§ **Recorded information**
BEGIN
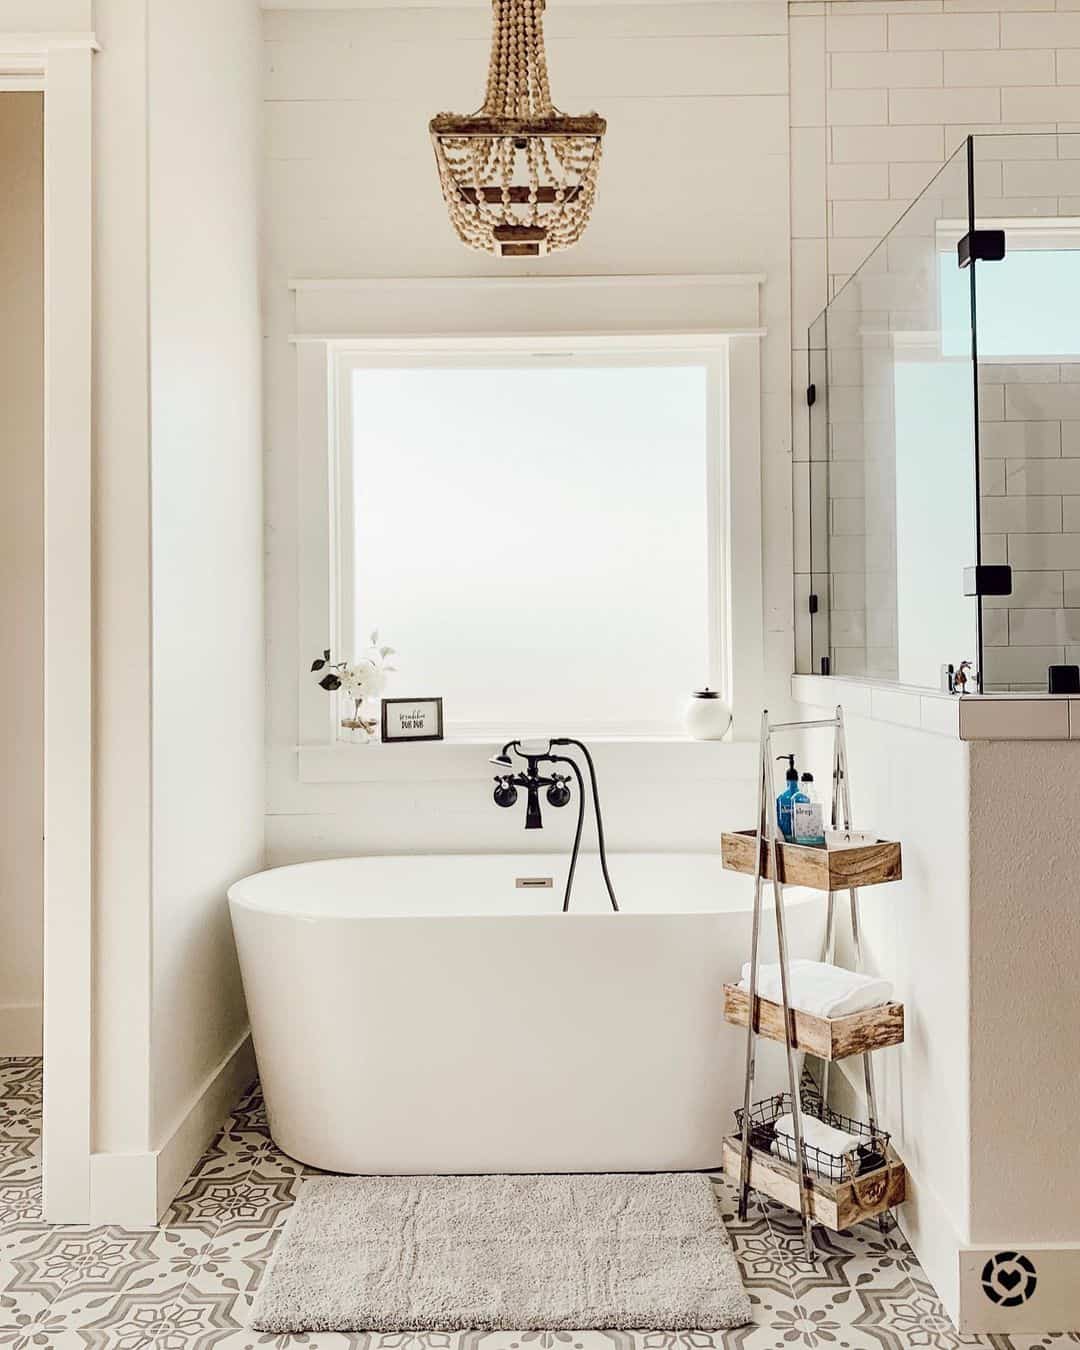 38 Bathtub Chandelier Ideas That Will Turn Your Bathroom into a ...
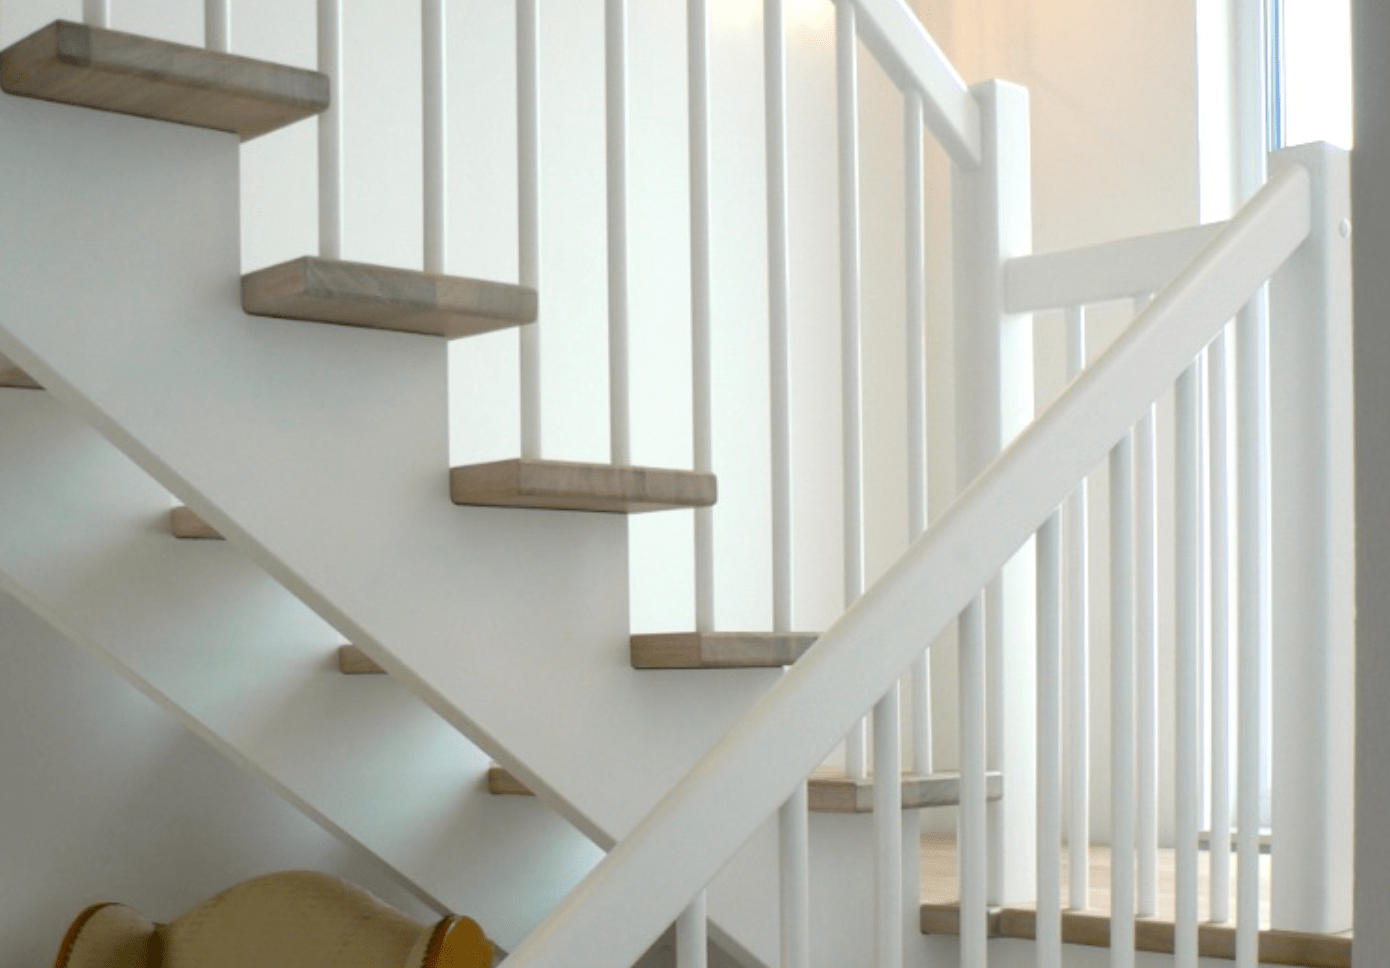 Opsadlet trappe (1) og andre kvalitetstrapper
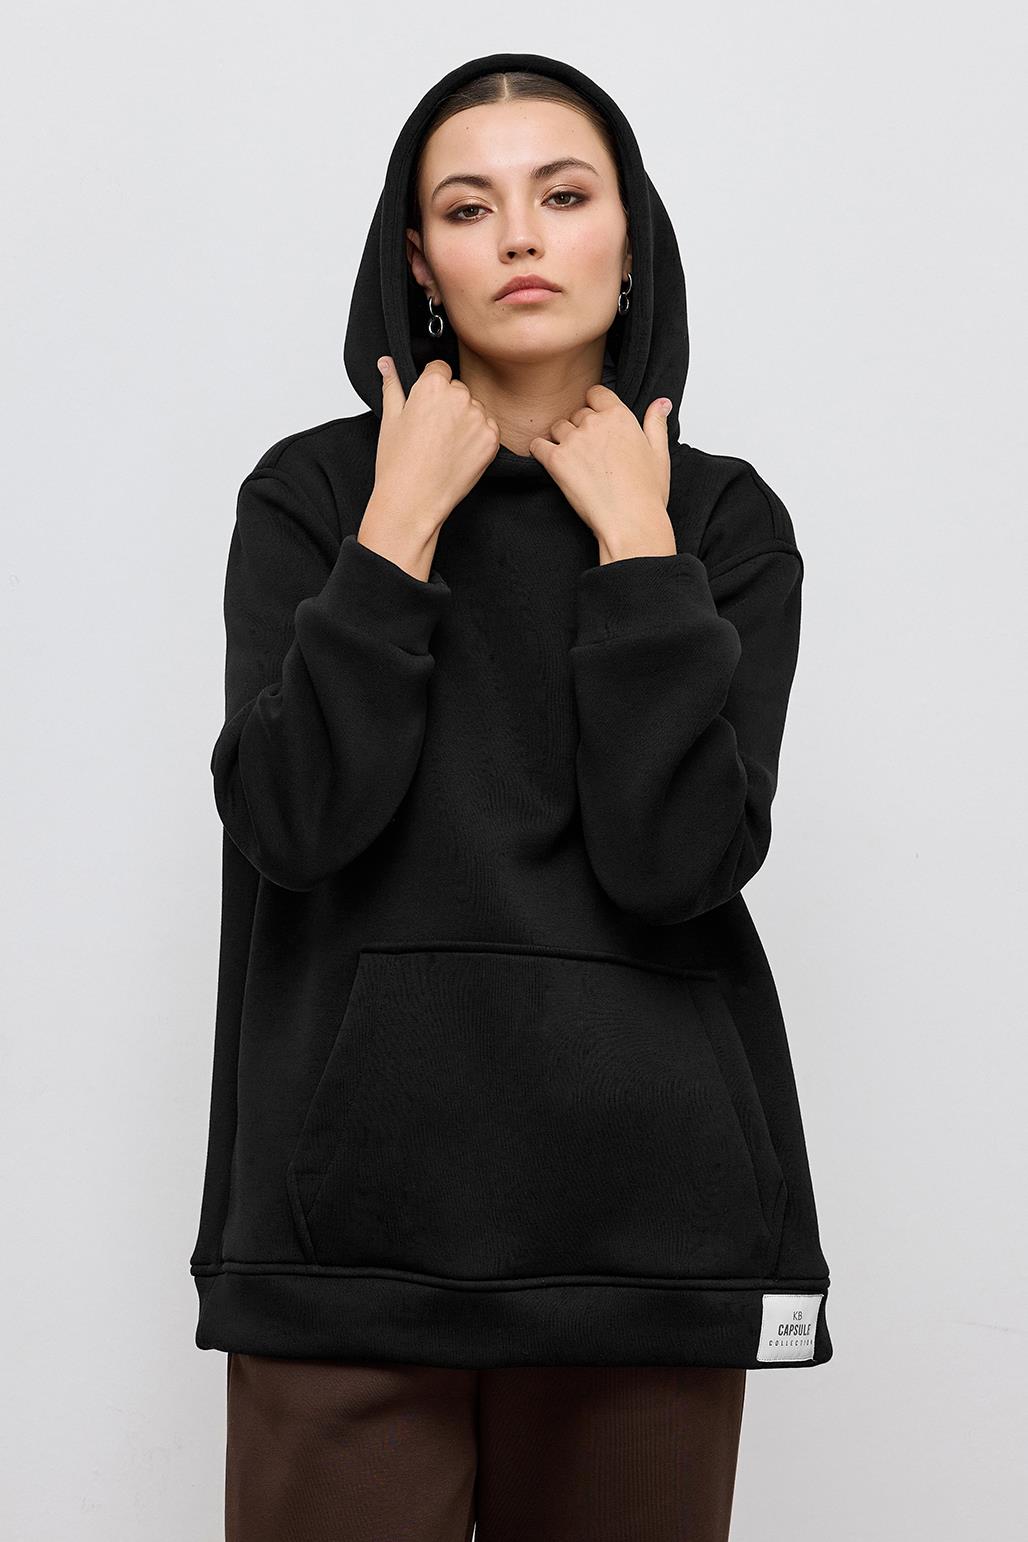 Fleece Hooded Sweatshirt With Pocket Black
END
§ **Task objective**
With the images omitted, return the full material exactly.

§ **Task answer**
 38 Bathtub Chandelier Ideas That Will Turn Your Bathroom into a ...
 Opsadlet trappe (1) og andre kvalitetstrapper
 Fleece Hooded Sweatshirt With Pocket Black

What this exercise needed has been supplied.